Kennecott could be asked to pay new mining tax in Michigan
Michigan assesses severance tax when companies remove natural gas and oil and some state officials say operators of high-grade metallic mines should also be charged for removing minerals from the ground.
In an article published in The Bridge today Jeff Alexander writes that Michigan could raise $400 million in revenue from Kennecott’s UP nickel and copper mine if it charged an 8 percent tax on solid minerals extracted from the ground as Florida does.
“The severance tax would compensate for the loss of state resources,” State Dept. of Environmental Quality Director Dan Wyant told Alexander. “It would be a new source of revenue — the question is how significant a source.”
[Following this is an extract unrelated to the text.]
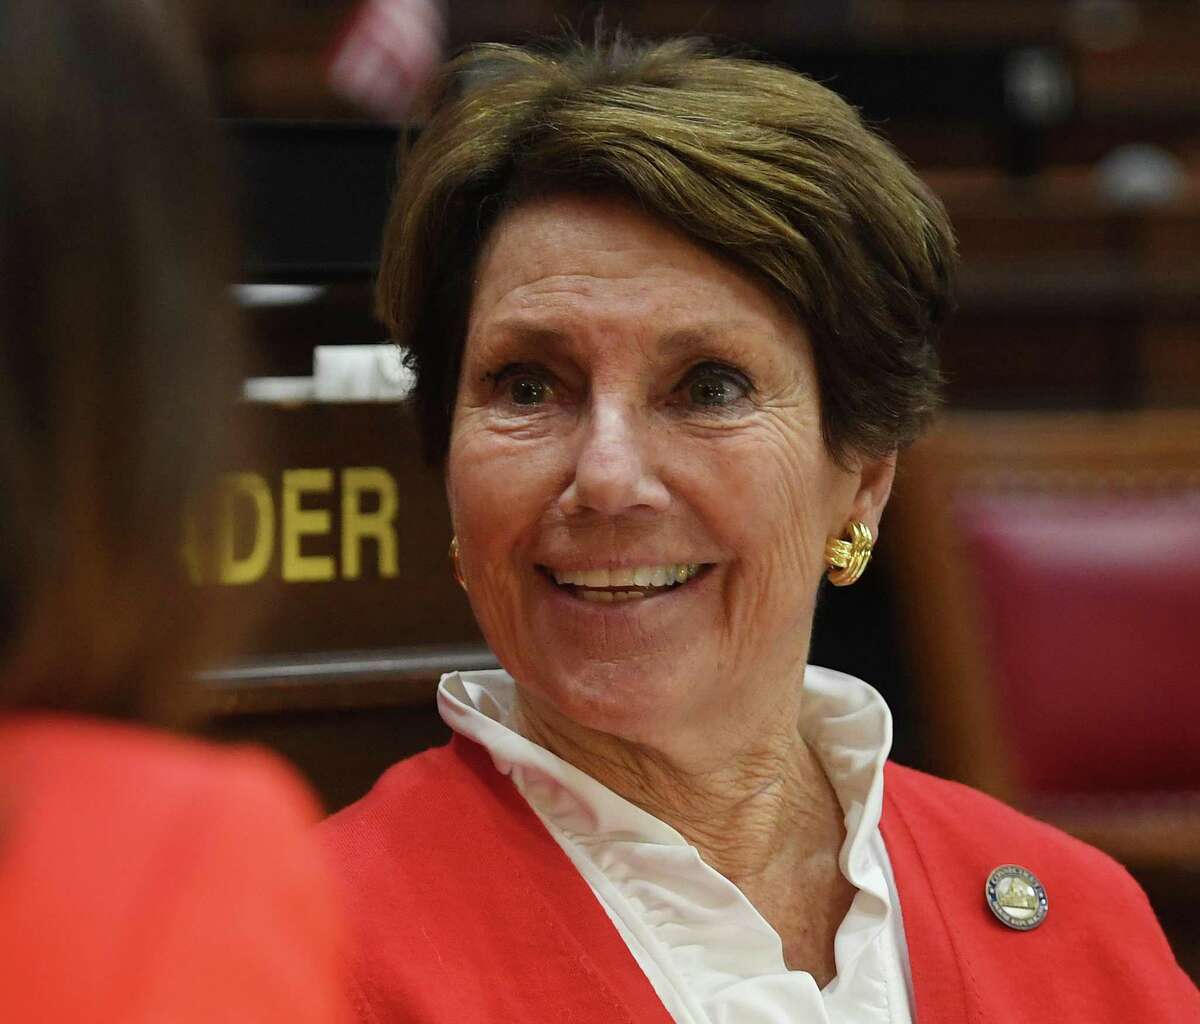 Rep. Livvy Floren, R-Greenwich, chats with a fellow legislator during opening session of the state legislature in Hartford, Conn. on Wednesday, February 05, 2020.

Severance taxes differ from local property taxes and royalties that companies pay the state in exchange for permission to remove oil, natural gas and minerals from state land. Severance taxes are assessed on commodities such as oil, natural gas, timber and minerals when those resources are “severed” from the ground. The taxes are designed to offset the loss of taxable resources and provide revenue for public services, such as new roads and police and fire protection, according to the Public Sector Consultants study.
The lack of a severance tax on high-grade metallic mines could leave communities footing the bill for roads and other public services needed to support new mines that could sprout across the U.P.
Last month Kennecott Eagle Minerals began blasting its nickel sulfide mine west of Marquette. The company is a subsidiary of the British/Australian mining company Rio Tinto.